[MORPHMET] Re: number of landmarks and sample size

2017-05-31 Thread mitte...@univie.ac.at
Adding more (semi)landmarks inevitably increases the spatial resolution and 
thus allows one to capture finer anatomical details - whether relevant to 
the biological question or not. This can be advantageous for the 
reconstruction of shapes, especially when producing 3D morphs by warping 
dense surface representations. Basic developmental or evolutionary trends, 
group structures, etc., often are visible in an ordination analysis with a 
smaller set of relevant landmarks; finer anatomical resolution not 
necessarily affects these patterns.
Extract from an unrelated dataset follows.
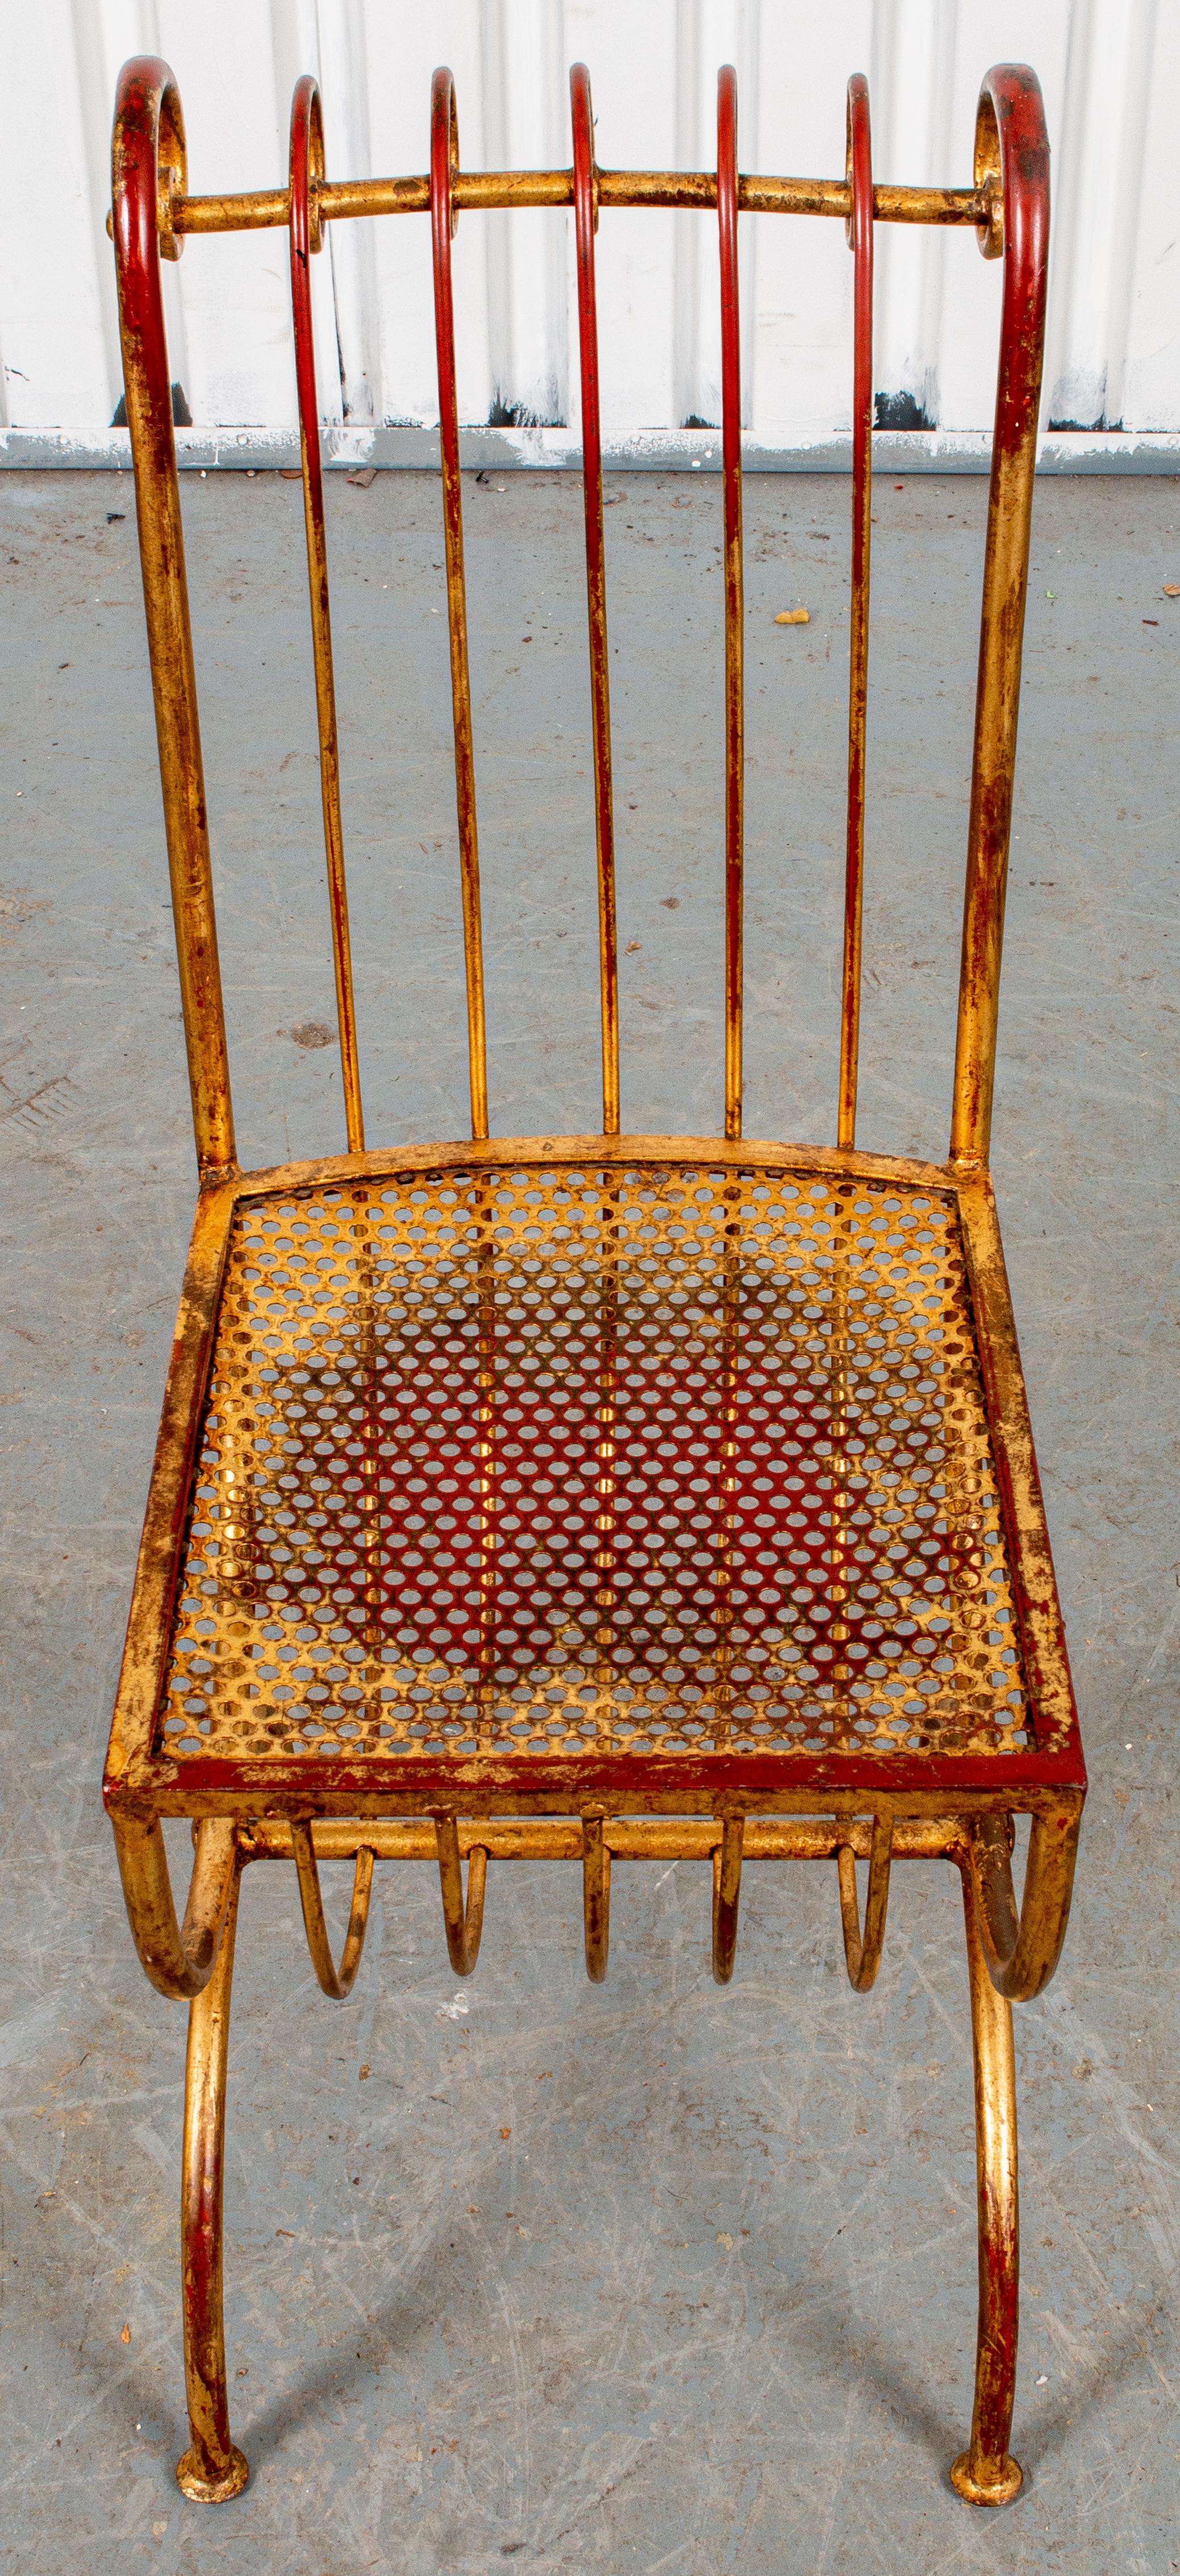 20th Century Hollywood Regency Gilt Metal Garden Chair

However, adding more landmarks cannot 
reduce or even remove any signals that were found with less landmarks, but 
it can make ordination analyses and the interpretation distances and angles 
in shape space more challenging.

An excess of variables (landmarks) over specimens does NOT pose problems to 
statistical methods such as the computation of mean shapes and Procrustes 
distances, PCA, PLS, and the multivariate regression of shape coordinates 
on some independent variable (shape regression). These methods are based on 
averages or regressions computed for each variable separately, or on the 
decomposition of a covariance matrix. 

Other techniques, including Mahalanobis distance, DFA, CVA, CCA, and 
relative eigenanalysis require the inversions of a full-rank covariance 
matrix, which implies an access of specimens over variables. The same 
applies to many multivariate parametric test statistics, such as 
Hotelling's T2, Wilks' Lambda, etc. But shape coordinates are NEVER of full 
rank and thus can never be subjected to any of these methods without prior 
variable reduction. In fact, reliable results can only be obtained if there 
are manifold more specimens than variables, which usually requires variable 
reduction by PCA, PLS or other techniques, or the regularization of 
covariance matrices (which is more common in the bioinformatic community).

For these reasons, I do not see any disadvantage of measuring a large 
number of landmarks, except for a waste of time perhaps. If life time is an 
issue, one can optimize landmark schemes as suggested by Jim or Aki.

Best,

Philipp

-- 
MORPHMET may be accessed via its webpage at http://www.morphometrics.org
--- 
You received this message because you are subscribed to the Google Groups 
"MORPHMET" group.
To unsubscribe from this group and stop receiving emails from it, send an email 
to morphmet+unsubscr...@morphometrics.org.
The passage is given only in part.